Saturday, September 18, 2021

DuraSeal: Where Is The Safety Data?

Last updated Tuesday, February 2, 2016 12:34 ET

The Federal Drug Administration (FDA) in 2009 approved a synthetic nontoxic bioabsorbable hydrogel sealant (DuraSeal)

Sacramento, 02/02/2016 / SubmitMyPR /

The Federal Drug Administration (FDA) in 2009 approved a synthetic nontoxic bioabsorbable hydrogel sealant (DuraSeal) via the Pre-Market Approval (PMA) process that is used in the case of accidentally caused CSF leaks that occur with spinal surgeries.  DuraSeal when applied over a tear in the dura mater (durotomy), that will cause a CSF leak, will seal the defect shut within seconds of application.

Previously DuraSeal had been approved by the FDA’s PMA process in 2005 for the use in achieving watertight closure for dura mater repair required for intracranial surgery.  The manufacturer then applied to have it approved to augment sutured repair of a spinal durotomy.  As part of the PMA of DuraSeal in 2009, the FDA ordered a Post-Approval Study by the manufacturer to ensure that it is safe for its use in spinal procedures.

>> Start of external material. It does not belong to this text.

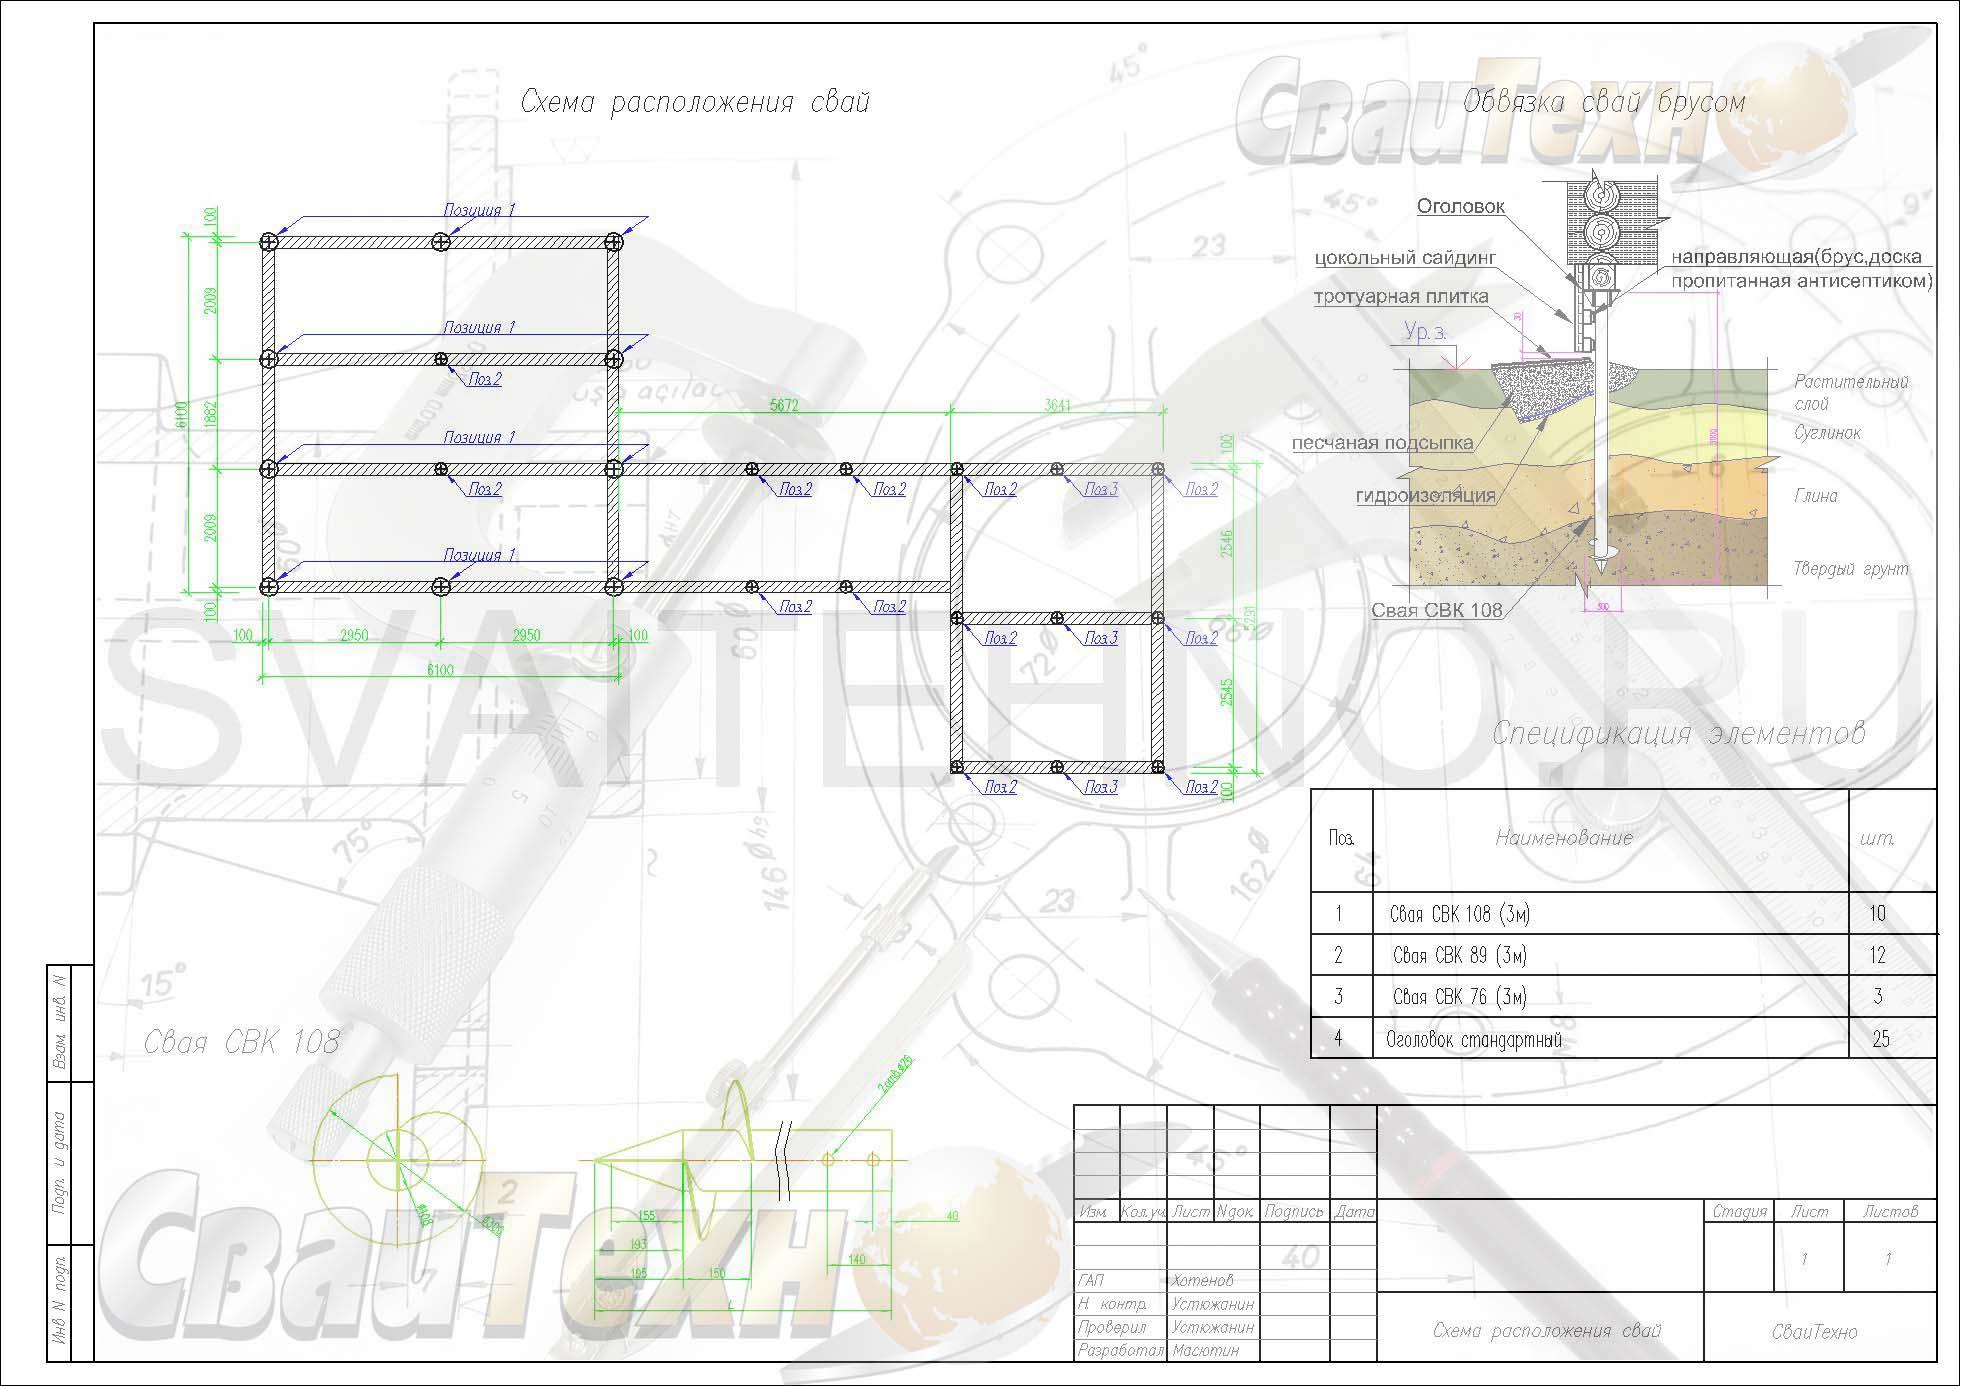 Схема расположения свай для строительства каркасного дома с пристроем

DuraSeal was approved for the use in spinal procedures by the FDA despite only being studied by the manufacturer in a mere 102 patients.  The approved sealant was determined to be strong, safe, and 100% effective in stopping CSF leaks for both an intended and accidental durotomy that occur in spinal surgery.  Unfortunately DuraSeal has been proven not to be the ideal CSF sealant because it has the propensity to absorb bodily fluid and swell up to 50% of its size after application.  This increase in size may produce a  ‘DuraSeal Mass’ in the surgical field that may develop slowly after application, peaking in size between three and fourteen days.

Complications related to DuraSeal are directly related to the ‘DuraSeal Mass’ that may compress either the spinal cord or the spinal nerves running along the tight spaces of the spinal canal producing progressive neurological symptoms of weakness and potentially bowel and bladder dysfunction.  Catastrophic complications include quadriplegia and cauda equina syndrome has been reported and the number of these complications is unknown.

Unfortunately, the Post-Approval Study ordered by the FDA has not been completed and is not expected to be until the end of 2016.  As of February of 2014 there still were not enough patients enrolled.  During this time the literature has reported adverse events including quadriplegia and cauda equina syndrome.  If the study fails to enroll enough patients then the manufacturer must notify the FDA and come up with another route to prove that it is safe for its intended use in spinal surgeries.

Academic spine surgeons have serious concerns related to the safety of this product.  It is understood that emergent surgery is necessary for any patient during the post-surgical period that develops progressive neurological deficits attributed to a compressive fluid collection.  The informed consent of potential complications of spinal surgeries will list epidural hematomas.  It will, however, not mention a  ‘DuraSeal Mass’.

It is unclear if neurosurgeons and orthopedic spinal surgeons involved in the Post-Approval Study will report a ‘DuraSeal Mass’ as an adverse event or document on the medical record the occurrence of this adverse event since it is directly related to them using a medical product ‘known to swell’ up to 50% in any direction.  From a litigation standpoint for a catastrophic neurological outcome attributed to spinal surgery it would be safer from an exposure standpoint for the surgeon to document an epidural hematoma since this is included in the informed consent.  Also, there will be some blood components as part of the ‘DuraSeal Mass’.

The PMA process protects manufacturers from product liability lawsuits in State and Federal Courts because of ‘Express Preemption’.   Under the PMA process when the FDA has approved a device, it has conclusively made a judgment that the product is safe and effective for its intended use and that will prevent a lawsuit for labeling, manufacturing, and design defects against the manufacturer for an adverse event.

In the case of DuraSeal’s Post-Approval Study, the public waits for the results understanding that adverse events have occurred as reported by the medical literature.  The public deserves a third party review of the MRIs of all adverse events that relates to neurological consequences caused by a post-operative compressive fluid collection because of the question:  Epidural hematoma versus ‘DuraSeal Mass’.